> _Dataset content_:

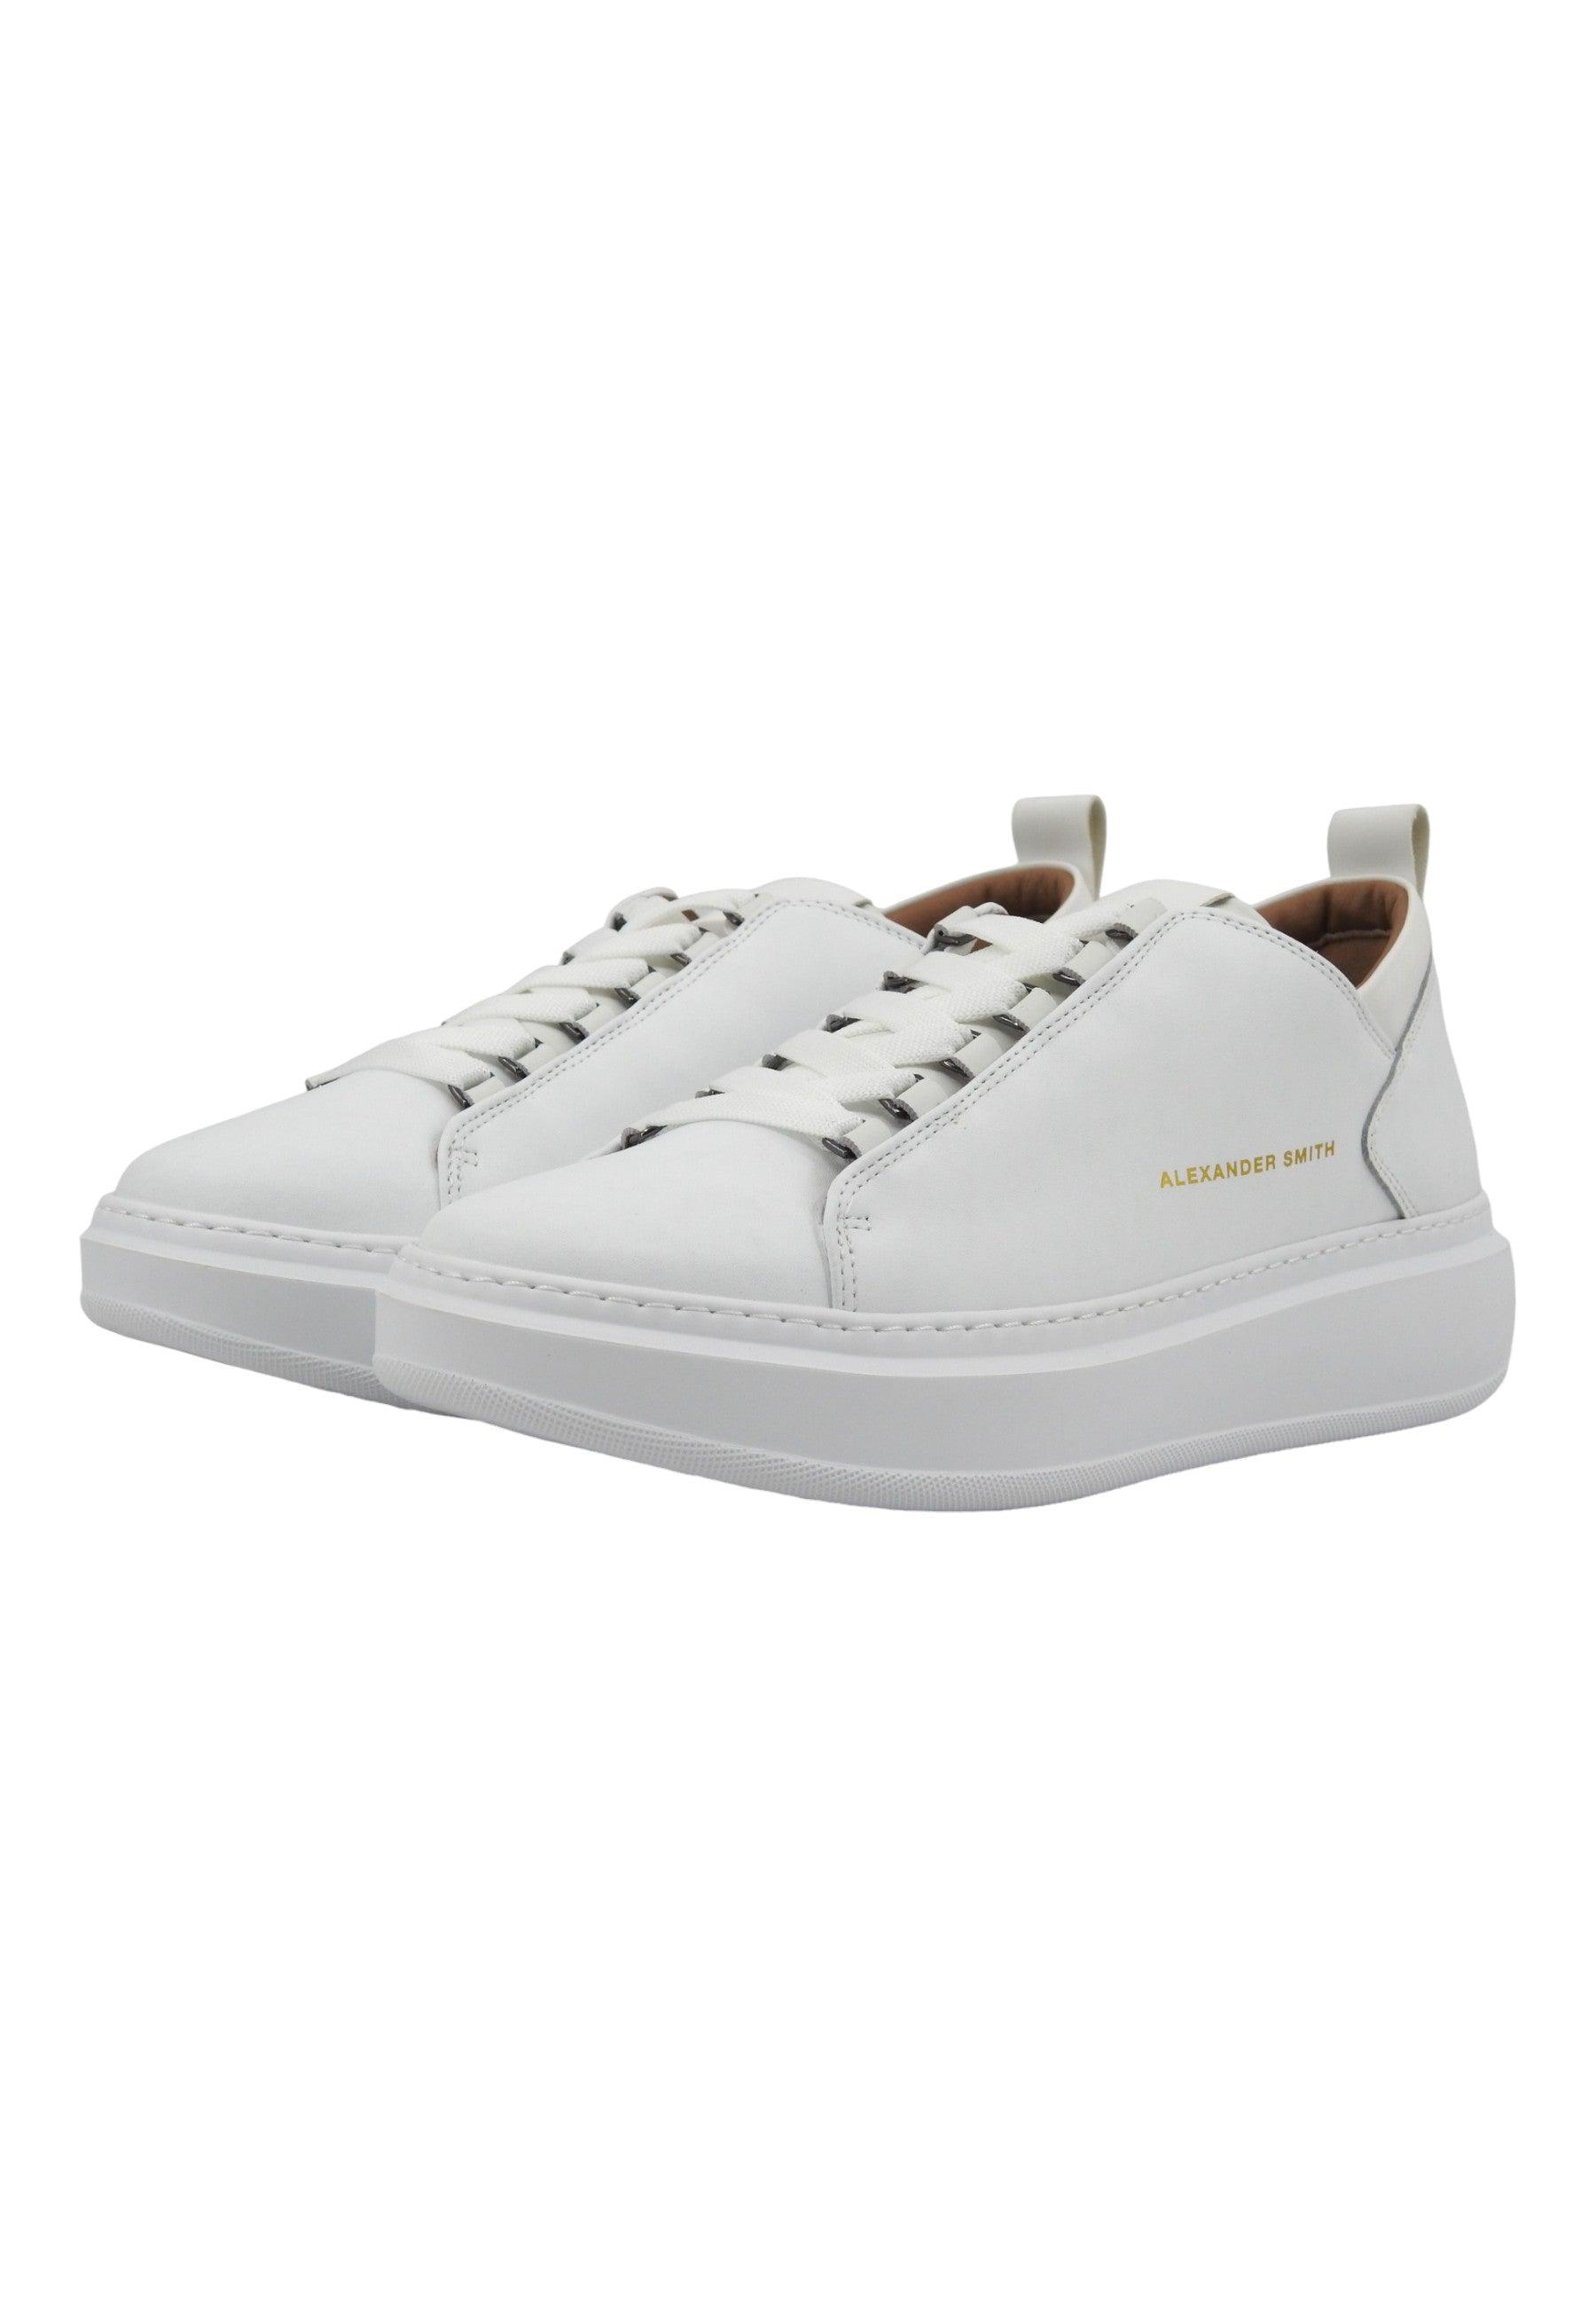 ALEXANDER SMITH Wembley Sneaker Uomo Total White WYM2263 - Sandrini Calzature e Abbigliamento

--

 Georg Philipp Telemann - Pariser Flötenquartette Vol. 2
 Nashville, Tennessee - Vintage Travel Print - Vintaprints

> _Work item_:
Taking the entries above, print exactly the lines starting at the line with "Georg Philipp Telemann" and ending at the line with "Nashville, Tennessee - Vintage", both included.

> _Expected output_:
 Georg Philipp Telemann - Pariser Flötenquartette Vol. 2
 Nashville, Tennessee - Vintage Travel Print - Vintaprints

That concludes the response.